In a recent study, researchers in Sweden asked a group of people aged 65 and older about their smoking habits and any long-term pain problems.

These results showed that seniors who still smoked, even just occasionally, reported experiencing more long-term pain than non-smokers.

"Quit smoking to ease pain."

Ulf Jakobsson, PhD, professor of Medicine at the Center for Primary Health Care Research at Lund University in Malmö, Sweden, led an investigation into chronic pain conditions in seniors who smoke.

For the study, researchers recruited 1,141 men and women, 65 years of age and older, living in Sweden to filled out questionnaires in 2011.

The questionnaires helped the researchers gather information on the participants' living situations, chronic pain duration and intensity, worries about health and tobacco use habits.

Chronic pain was defined as having experienced pain for 3 months or longer.

The results of the study showed that 39 percent of respondents reported chronic pain. Women reported being more worried about their health, had greater pain prevalence and more pain intensity compared to the men in the group. The responders averaged 75 years of age.

More men than women reported smoking daily or occasionally, but only 9 percent of responders said they smoked at all.

The researchers did not gather information on when ex-smokers had quit smoking, but 41 percent of the group had been former smokers.

The researchers found that reports of chronic pain were higher in smokers at 48 percent, compared to people who had quit smoking at 36 percent and non-smokers at 39 percent.

Smokers with chronic pain reported higher levels of pain intensity than non-smokers with chronic pain.

No differences were found in pain management techniques between any of the groups involved in the study.

The researchers found that even passive smoking increased the prevalence of chronic pain. The authors suggested that quitting smoking altogether, not just cutting back, could reduce chronic pain in seniors.
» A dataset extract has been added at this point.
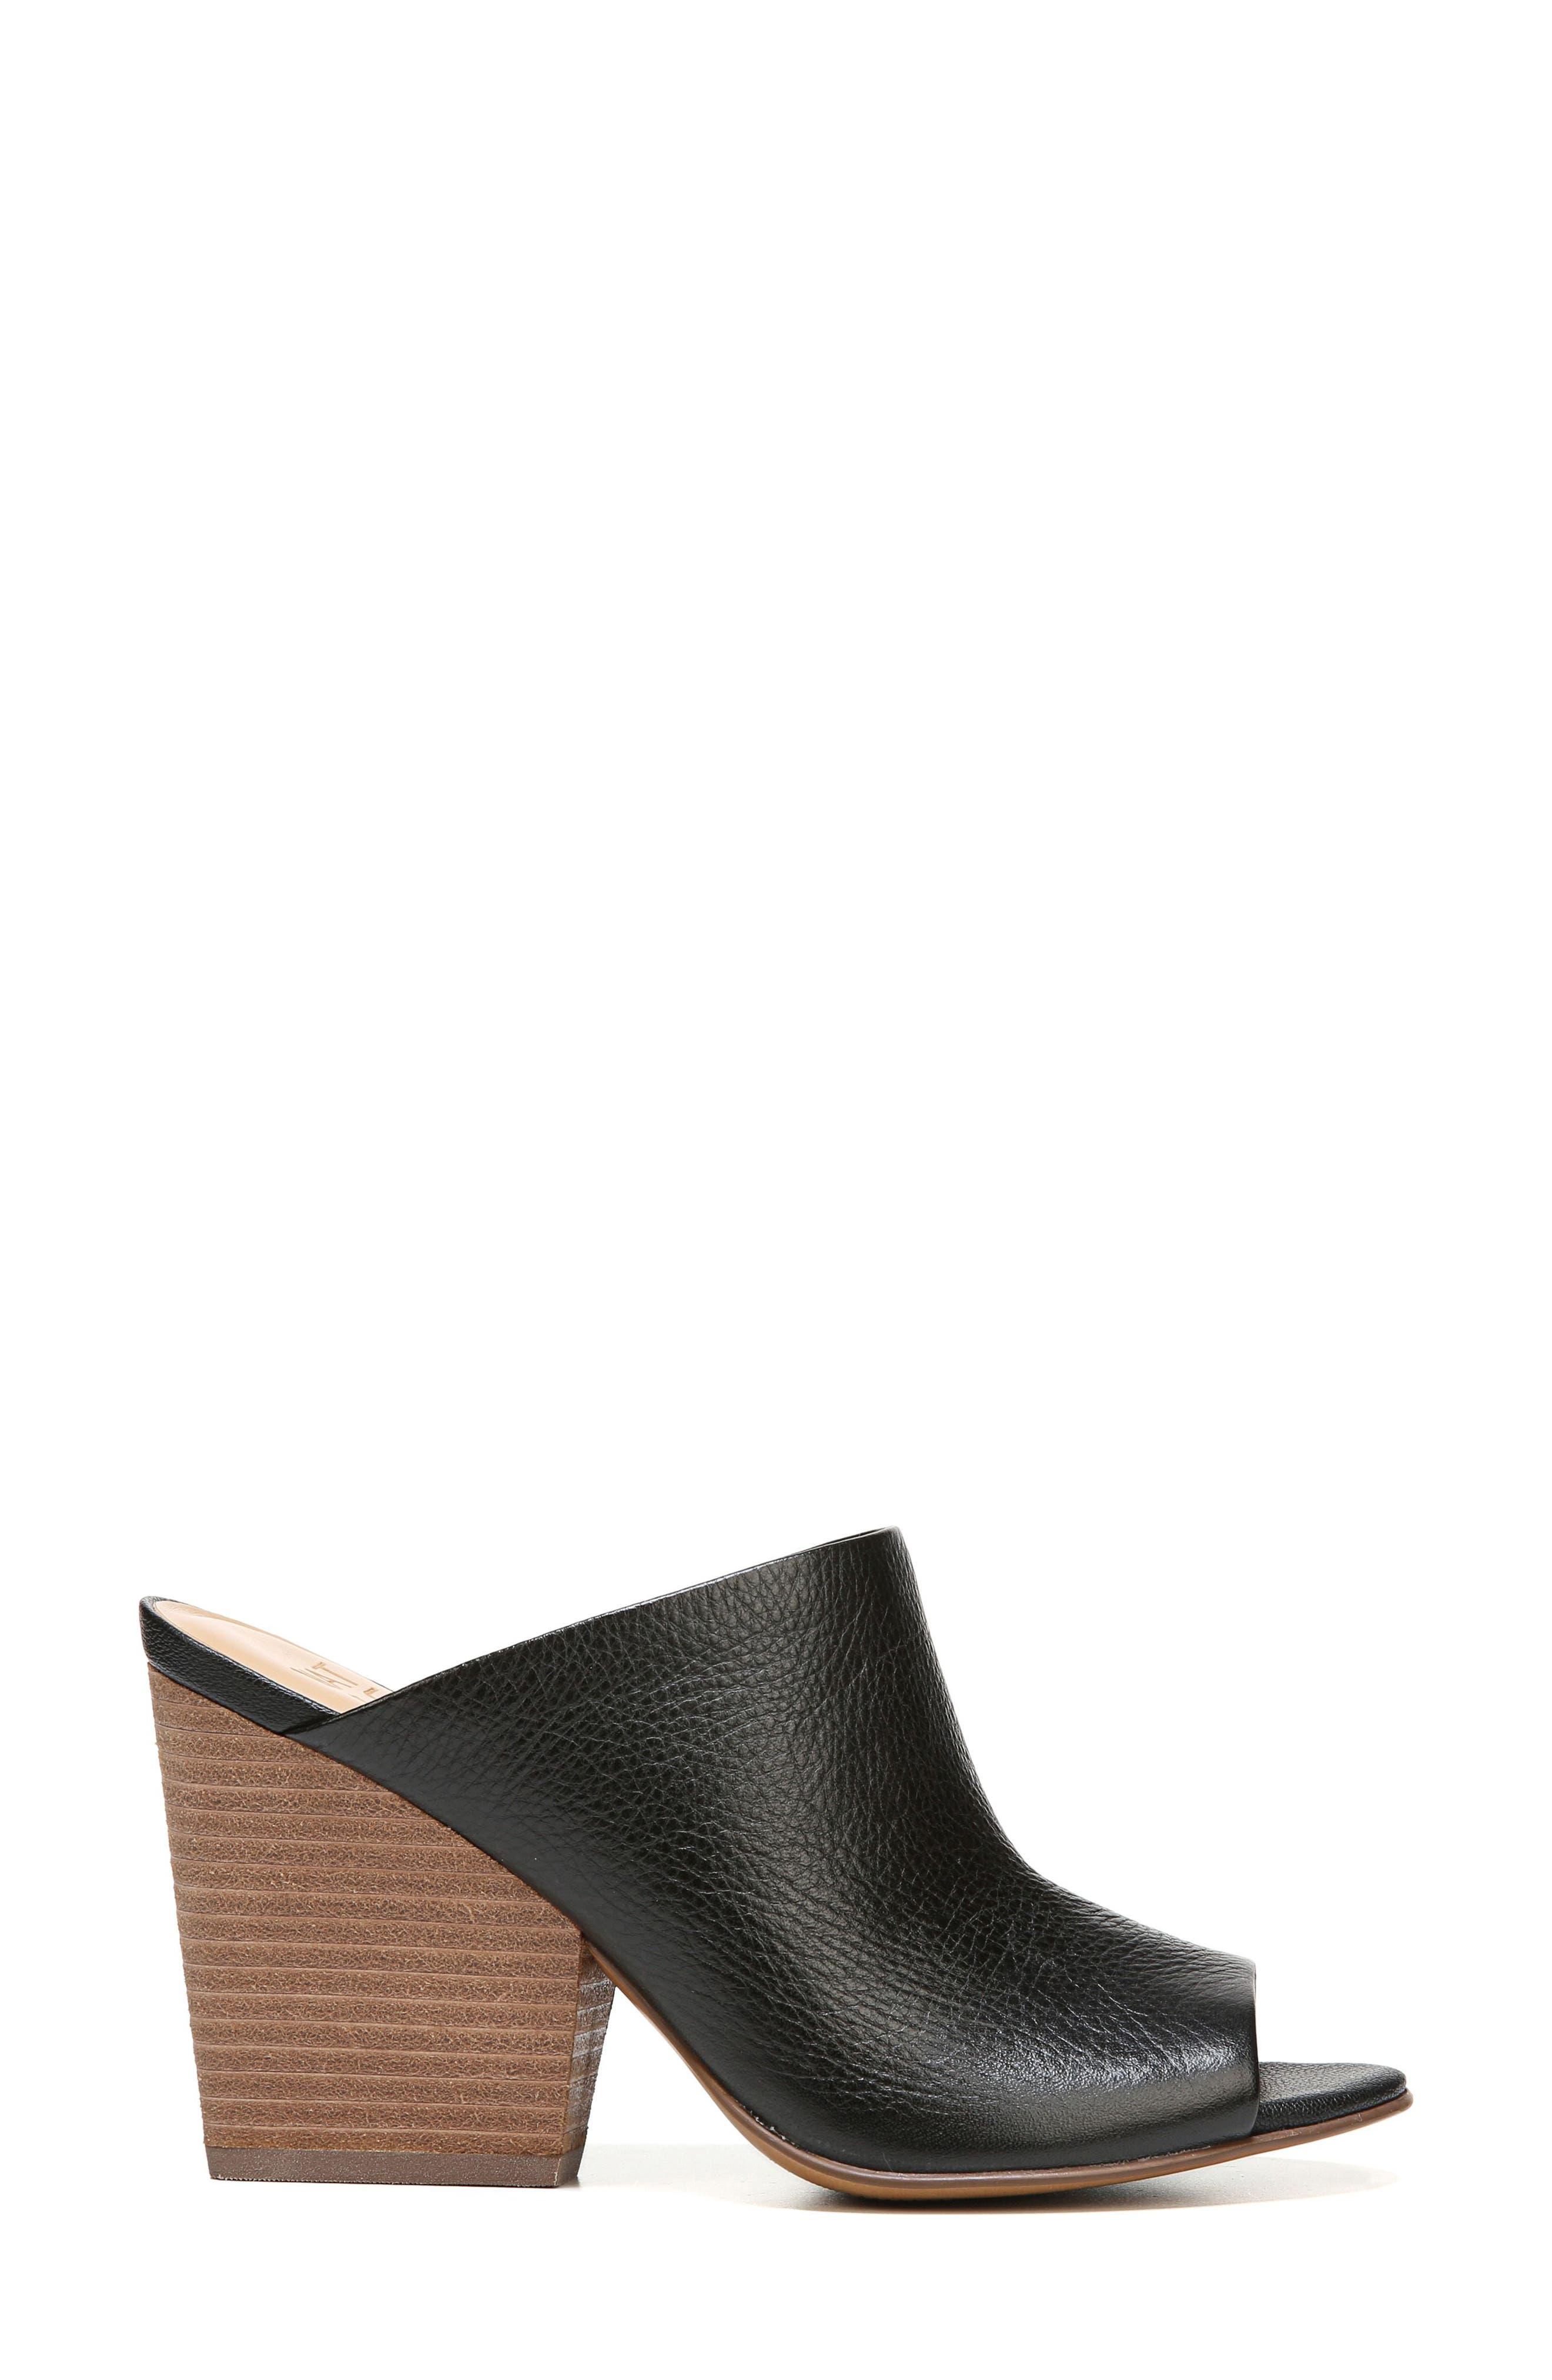 Sloan Sandal,                             Alternate thumbnail 3, color,                             Black Pebbled Leather

“There was a clear association between smoking and chronic pain among older people, especially regarding pain intensity. However, the association between smoking and pain prevalence seems to only exist among women and not among men,” said the authors.

The authors noted a limitation to this study could be the brief nature of the questionnaire. No information regarding other chronic pain causes or lifestyle habits were incorporated in the questionnaire.

This study was published in April in Pain Practice.

King Gustav V and Queen Victoria’s Foundation of Freemasons, the Gyllenstiernska Krapperup Foundation and the Ragnhild and Einar Lundström’s Foundation helped support funding for this study. No conflicts of interest were found.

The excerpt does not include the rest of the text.